LONDON (KATAKAMI / CHINA POST ) — Seeking to win a key ally outside Washington and a booming business partner to spur Britain’s fragile economic recovery, David Cameron heads to India on Tuesday to lead his country’s most brazen charm offensive in decades.

The prime minister is taking a 90-strong delegation for three days of summits and schmoozing, aimed at revitalizing relations between New Delhi and its former colonial ruler.

Five government ministers, about 50 leaders of some of Britain’s largest companies, Olympic gold medalists and a host of academics will join Cameron in a rare — and hardly subtle — attempt at political courtship.

Britain’s new government has placed India at the heart of its strategy on foreign relations, seeking increased trade with emerging economies to fuel British growth, and new political alliances to preserve London’s clout on the world stage.

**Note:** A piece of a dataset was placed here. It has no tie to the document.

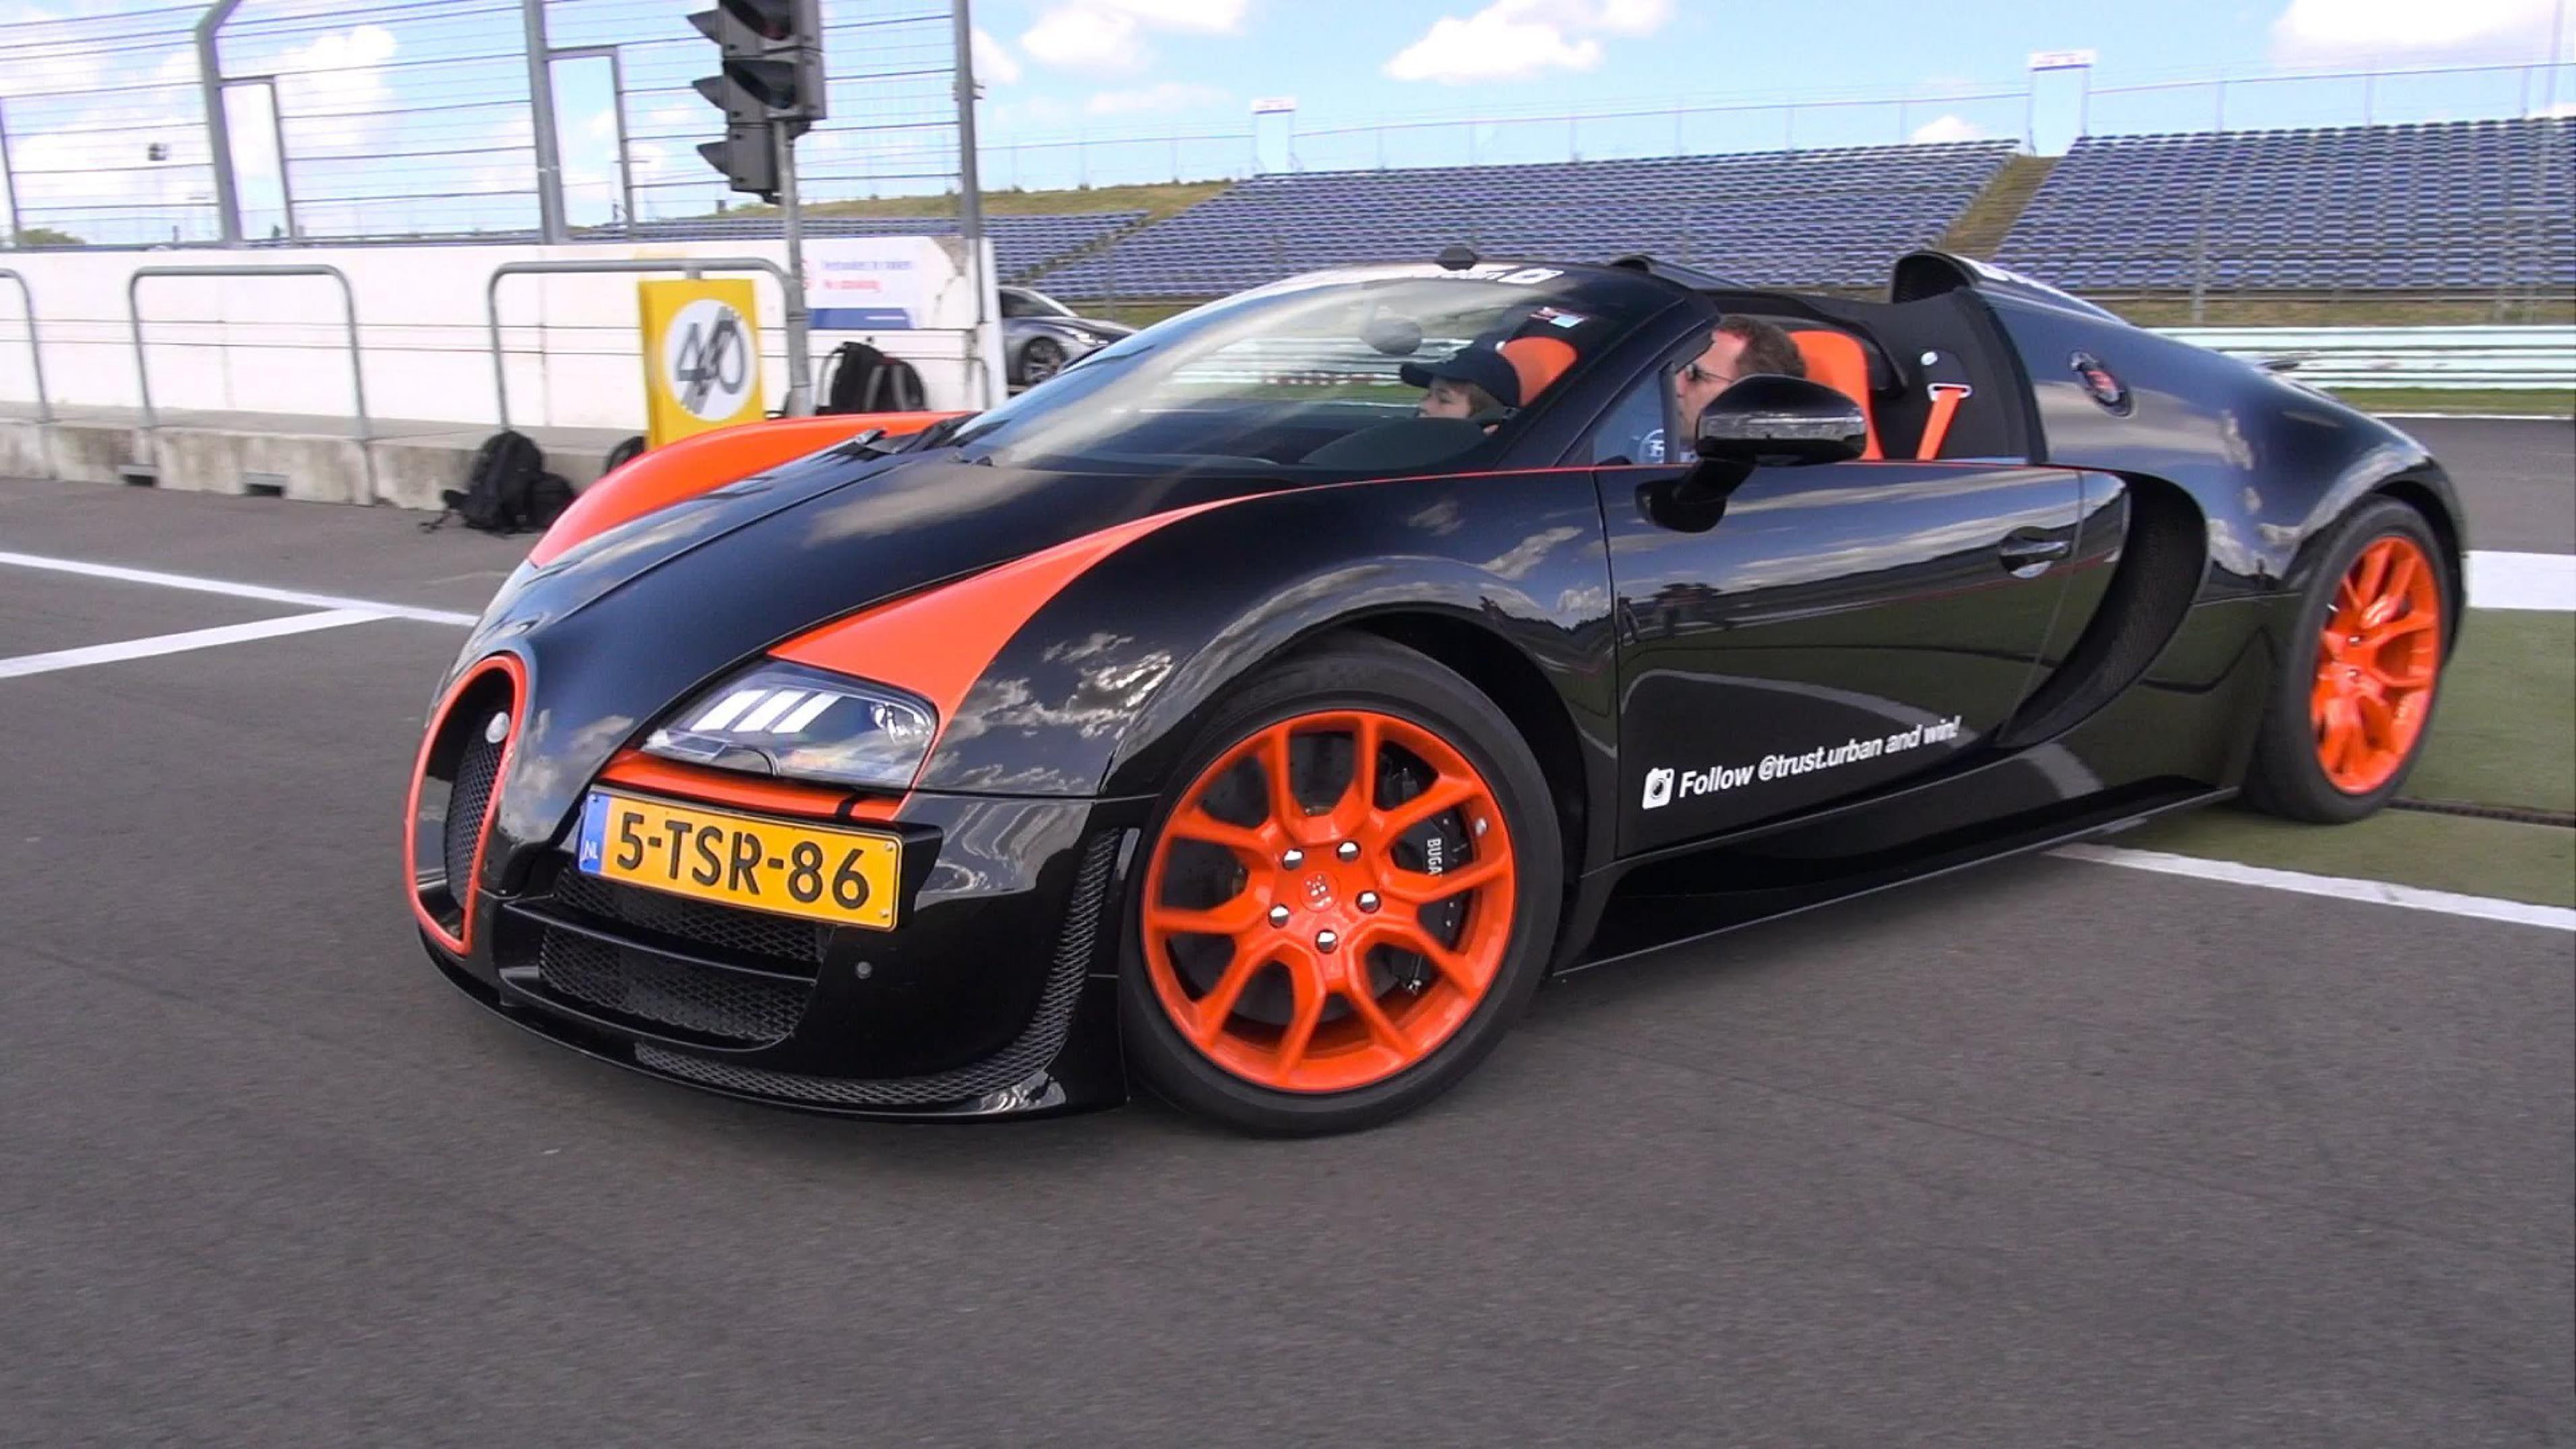 7e91b56e4fc2f353de77c1eabd6d989f Fascinating Bugatti Veyron Grand Sport Vitesse 1/4 Mile Cars Trend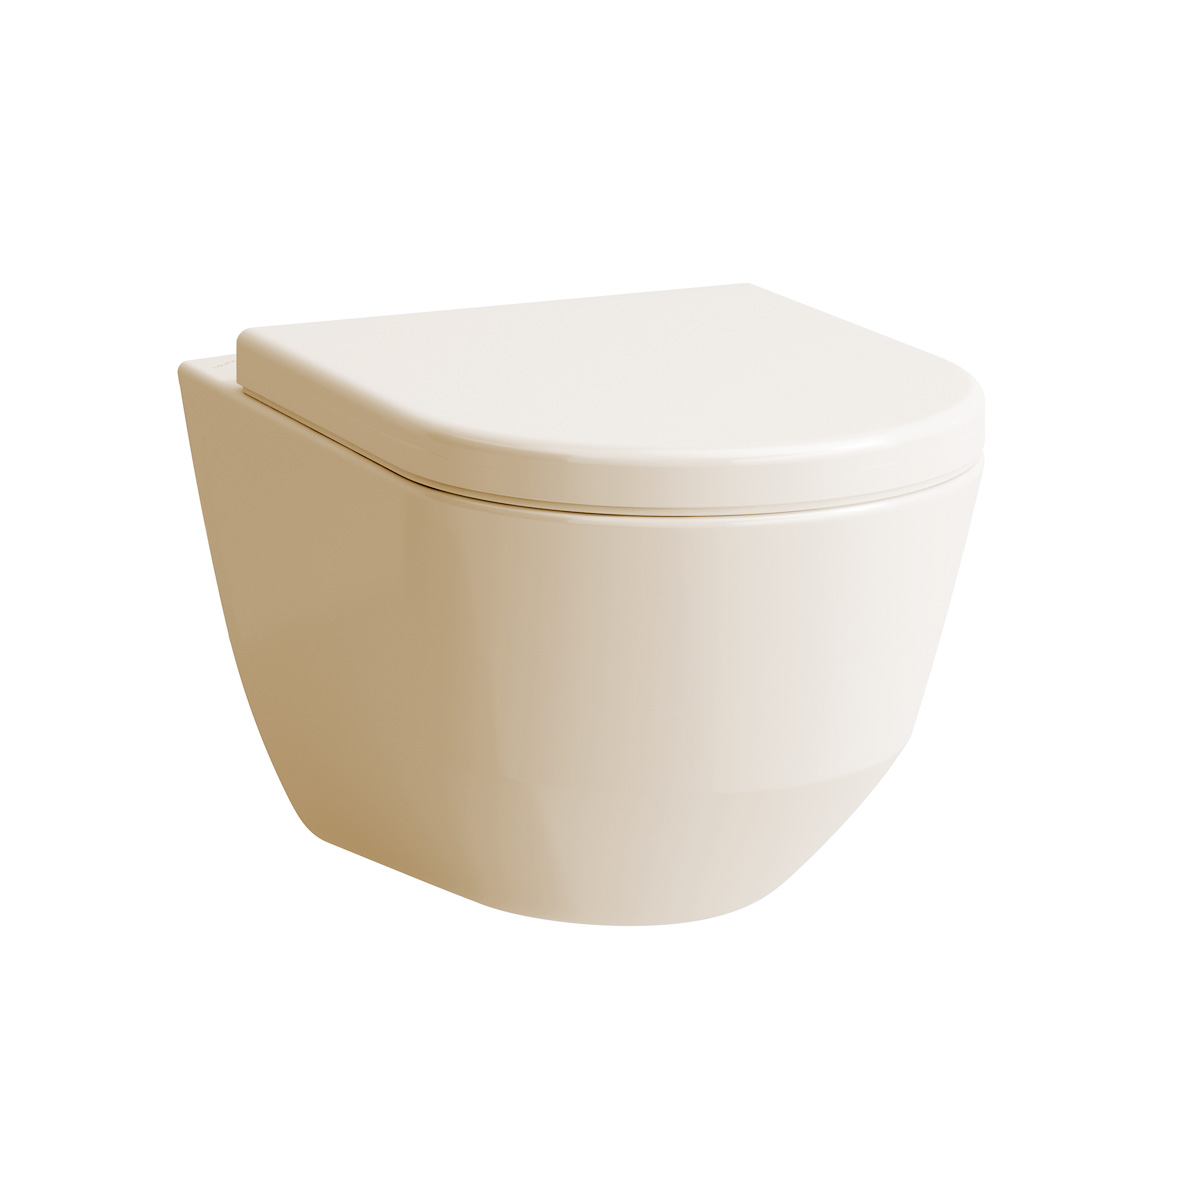 laufen pro wand flachsp l wc l 53 b 36 5 cm pergamon 8209590490001 reuter onlineshop. Black Bedroom Furniture Sets. Home Design Ideas

“This delegation is unprecedented in its scale and ambition,” said Jo Johnson, a Conservative Party lawmaker who previously lived in New Dehli and is joining the trip. “The government has made a very clear statement of intent, that India is rising to the top of Britain’s diplomatic priorities.”

In his first legislative program, Cameron signaled Britain’s plan to woo its neglected partner, pledging to craft a “new special relationship” with India. The phrasing is important: In Britain, the term “special relationship” has long referred to the close ties between London and Washington.

During visits to Bangalore and New Dehli, Cameron will hold talks with leading legislators, seal a round of trade deals and clink glasses with dozens of potential investors. Treasury chief George Osborne will take British executives to Mumbai for face-to-face talks with their Indian counterparts, aimed at kick-starting sluggish trade.

Britain was the 5th largest exporter to India in 2005, but has since fallen to 18th. Exports to India dropped from 4.12 billion pounds (US$6.4 billion) in 2008 to 2.9 billion (US$4.5 billion) in 2009.

“There is a belief that we haven’t benefited as much from India’s growth as we should have,” said Johnson.

After a decade of foreign policy dominated by wars in Afghanistan and Iraq, Cameron’s government pledged to rebuild relations left “to wither or stagnate,” as London focused on military missions rather than trade.

“From now on we will not neglect the wider world,” Foreign Secretary William Hague, who will also travel to India, said in a major speech last month, criticizing former Prime Minister Gordon Brown’s regime.

Cameron will arrive in India from Turkey, another emerging nation identified is a key future ally and potential trading partner.

His Conservative Party and the smaller Liberal Democrats formed a coalition to oust Brown’s Labour Party following an inconclusive national election in May.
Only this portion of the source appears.